Читаем Бесов нос. Волки Одина полностью

– Добавим сюда, – продолжал Сенявин, – врожденное наше отношение к Хозяину, кем бы он ни был в конкретно-исторический период времени: великим князем, царем, императором, генеральным секретарем… Я это чувство называю триединым, состоящим из чисто православных веры, надежды и любви. Если нынешнего Хозяина любить совершенно не за что, то можно ведь возлюбить кого-нибудь из прошлых Хозяев, объявить его милосердным к народу и злым к боярам и, стало быть, справедливым, праведным, даже святым и молиться ему о заступничестве. От Сталина до Владимира Крестителя – пожалте вспоминать и кланяться!.. И кто мешает надеяться, что нынешний Хозяин просто не ведает о том беспределе, о тех издевательствах над народом, которые творят его якобы слуги. А как только узнает, исправит, поможет, починит… Тут лучше Некрасова не скажешь. Помните? «Вот приедет барин – барин нас рассудит. Барин сам увидит, что плоха избушка, и велит дать лесу»… А если любви и надежды в тебе уже не осталось, то вера в тебе обязательно должна жить. Это у немца или у француза «надежда умирает последней». В русском человека, даже когда надежда умерла, вера всегда живет!

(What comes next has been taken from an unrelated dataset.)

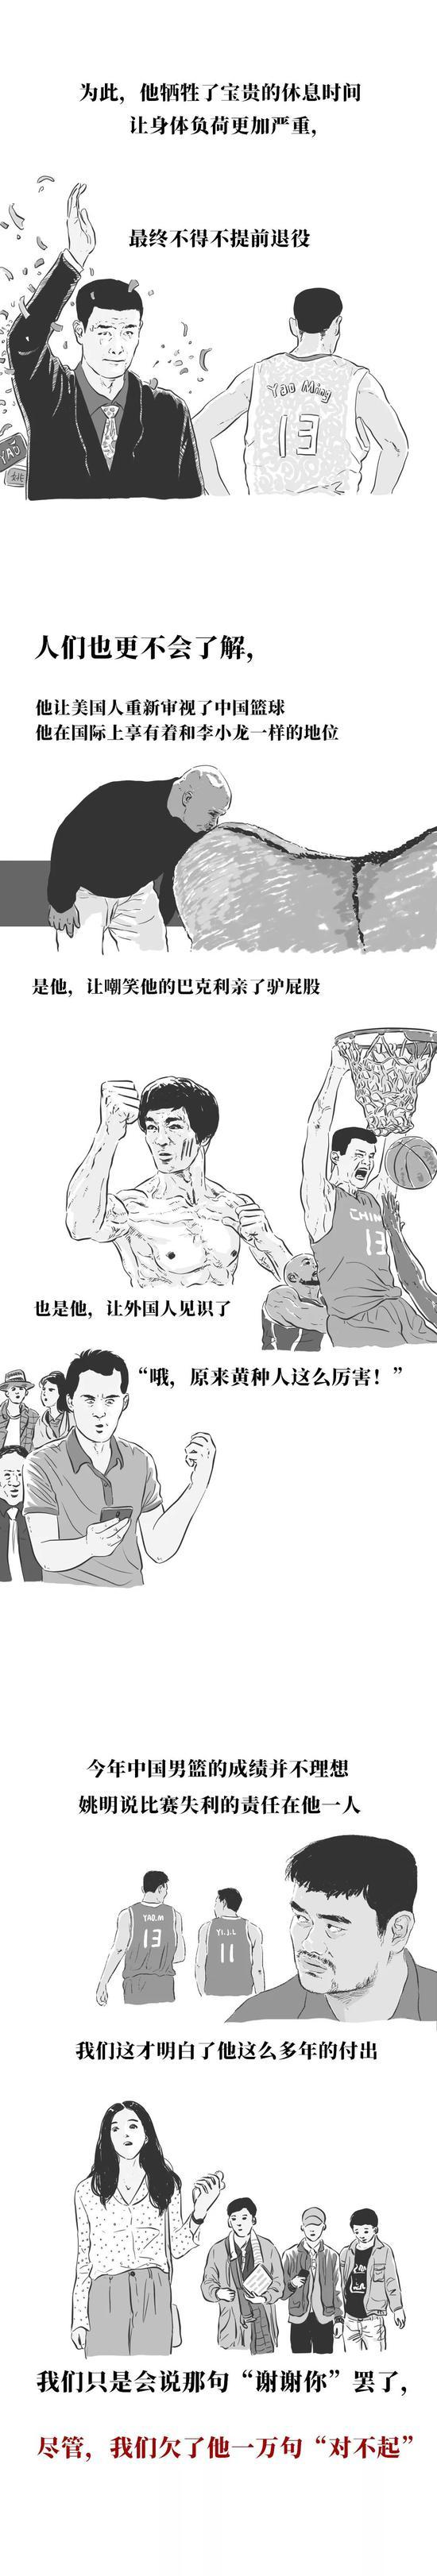 青岛体彩_首页
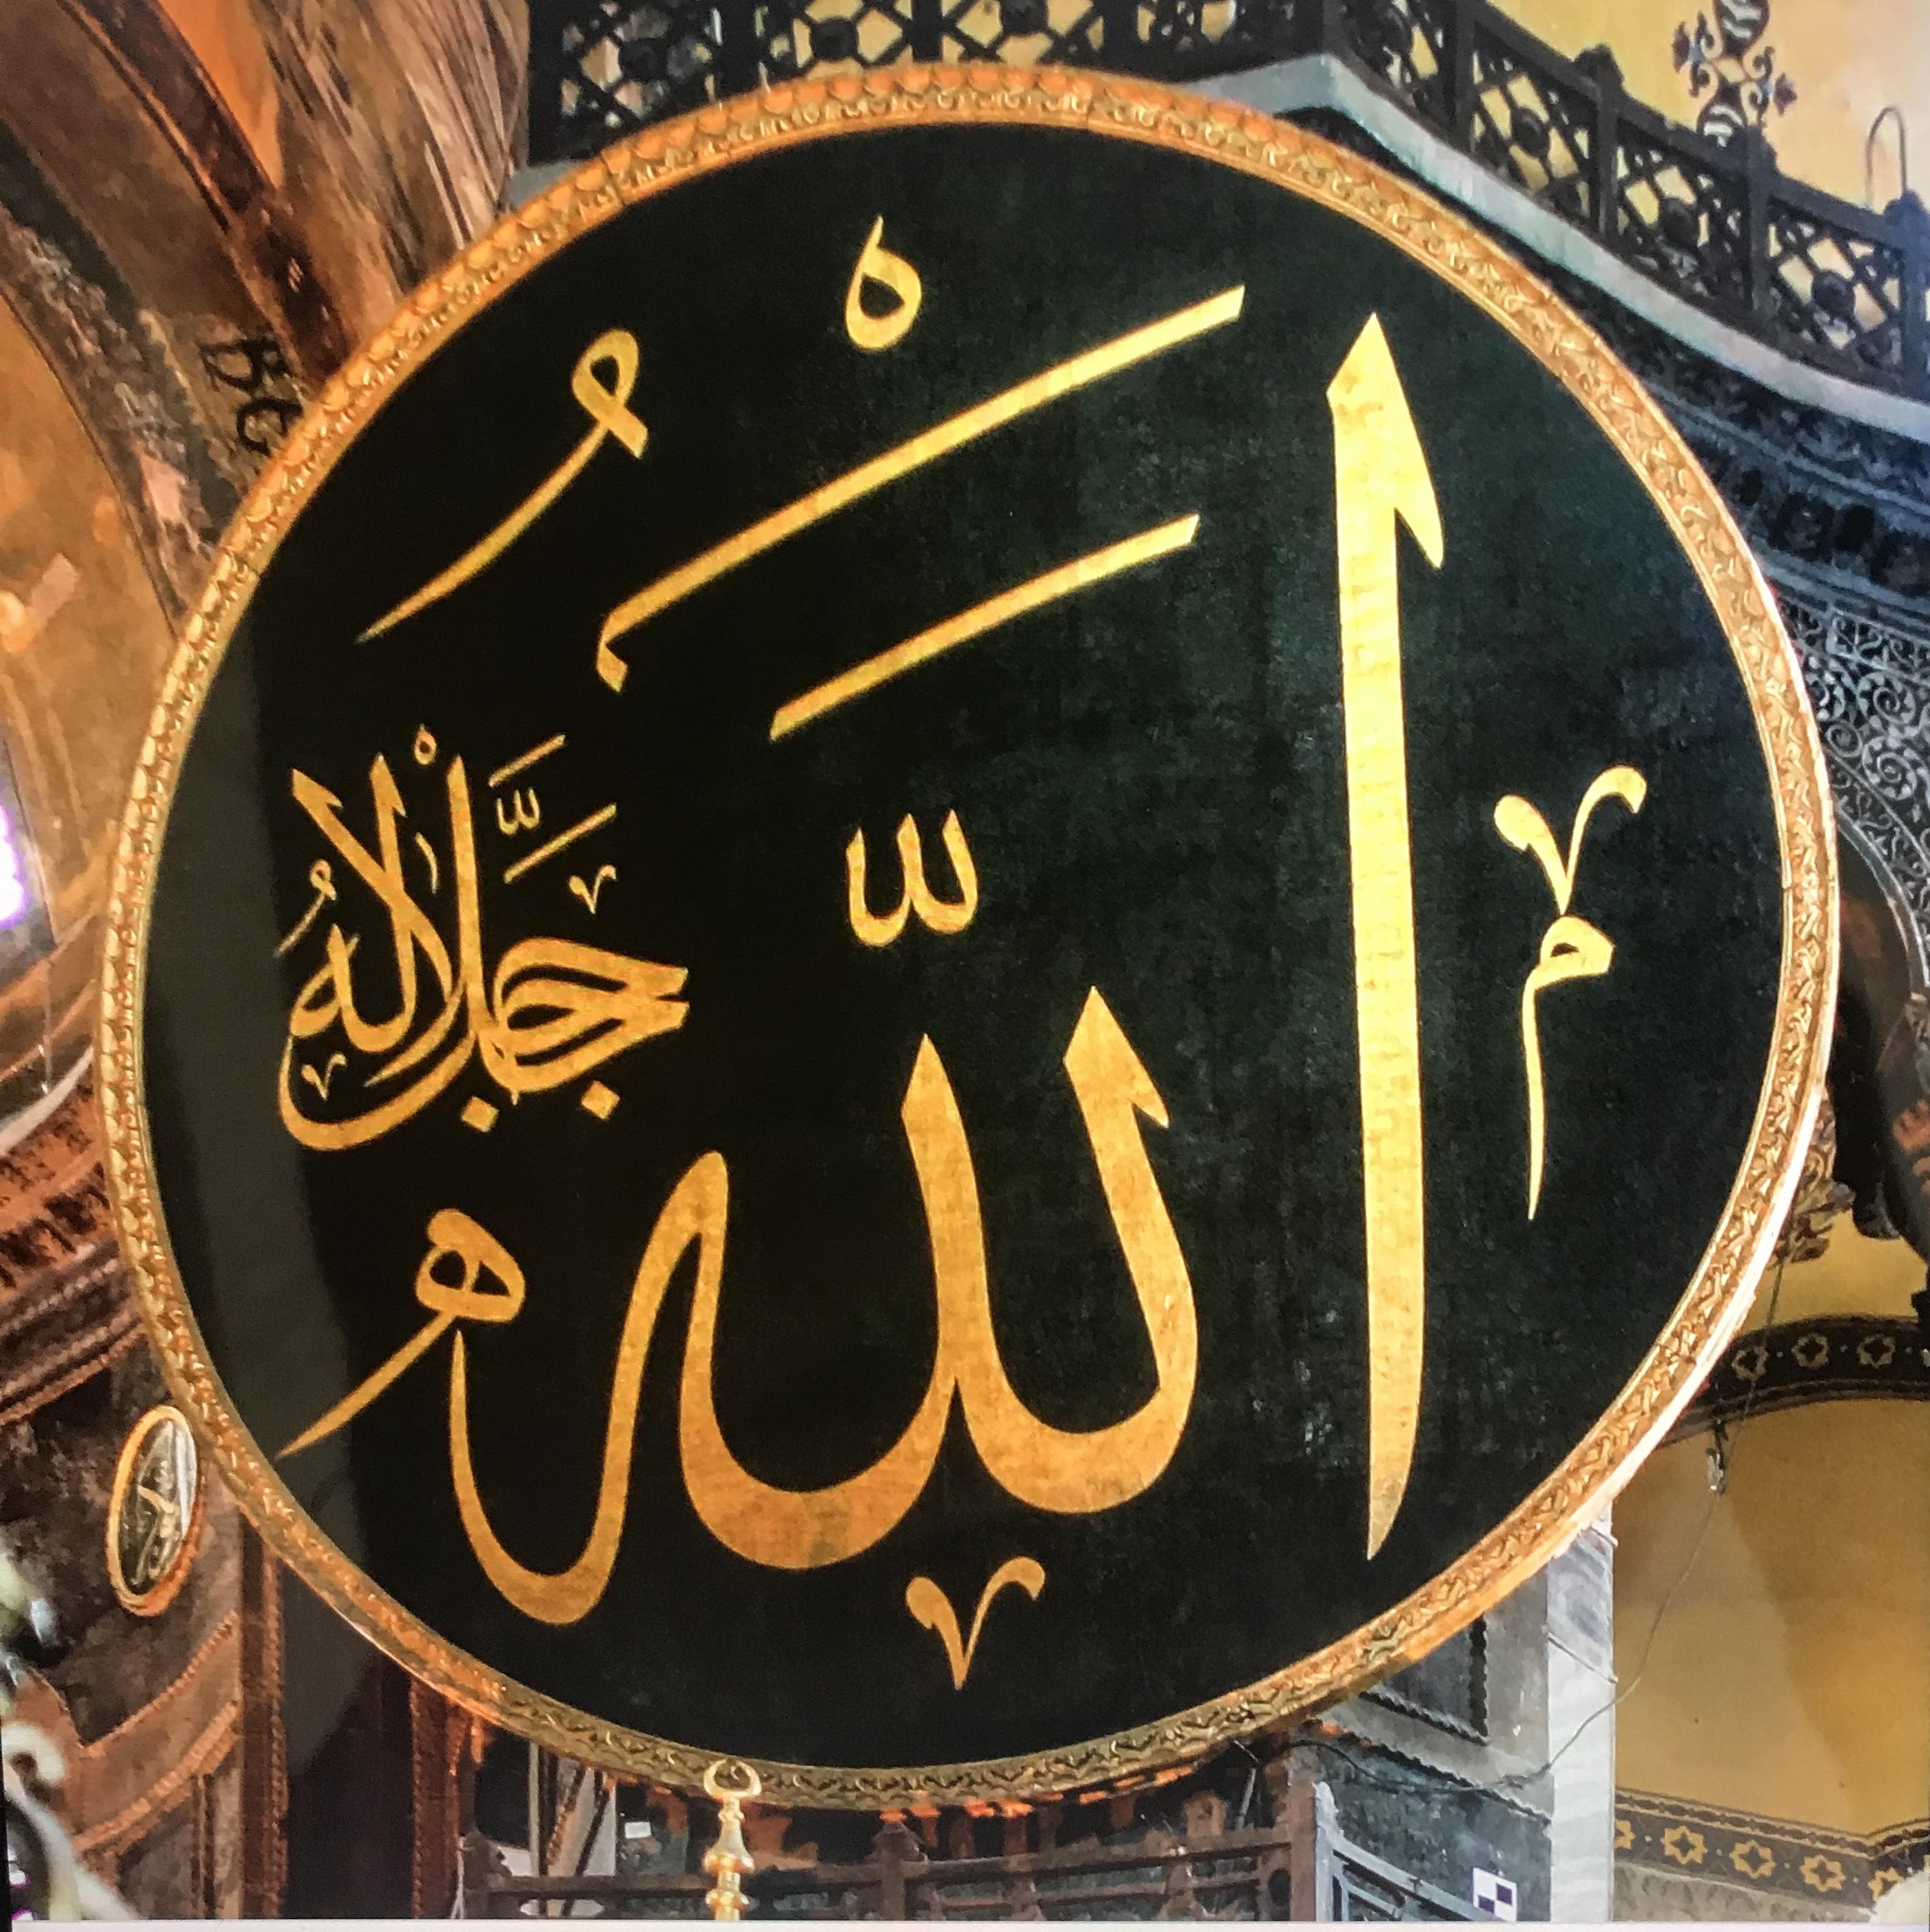 Profile picture of Sunni_brother

Патетически произнеся последнюю фразу и даже ударив себя кулаком в грудь, Профессор развернулся в сторону Ведущего и, словно к нему теперь одному обращаясь, сердито заключил:

– Из этих-то наших русских веры-надежды-любви проистекает наша российская Софья, народная наша Мудрость, подлинное имя которой – Святая Невинность или Абсолютная Безответственность. Во всем виновата власть. От нас ничего не зависит. Что мы можем супротив Гидры? Да ничего!.. Общественное мнение? Не смешите меня, господа. «Чье это сочиненье! Поверили глупцы, другим передают, старухи вмиг тревогу бьют, и вот общественное мненье!»… Это, как вы догадываетесь, не я сочинил. Такую стихотворную тираду произносит Чацкий в комедии Грибоедова. …Тоже, как на зло, два Александра! Александр Андреевич и Александр Сергеевич! Вы уж, ради бога, простите меня, уважаемый Александр Александрович! Я их не специально для вас подбираю, – словно само собой сказалось Профессору и тут же с облегчением подумалось: «Вот я наконец перед ним извинился».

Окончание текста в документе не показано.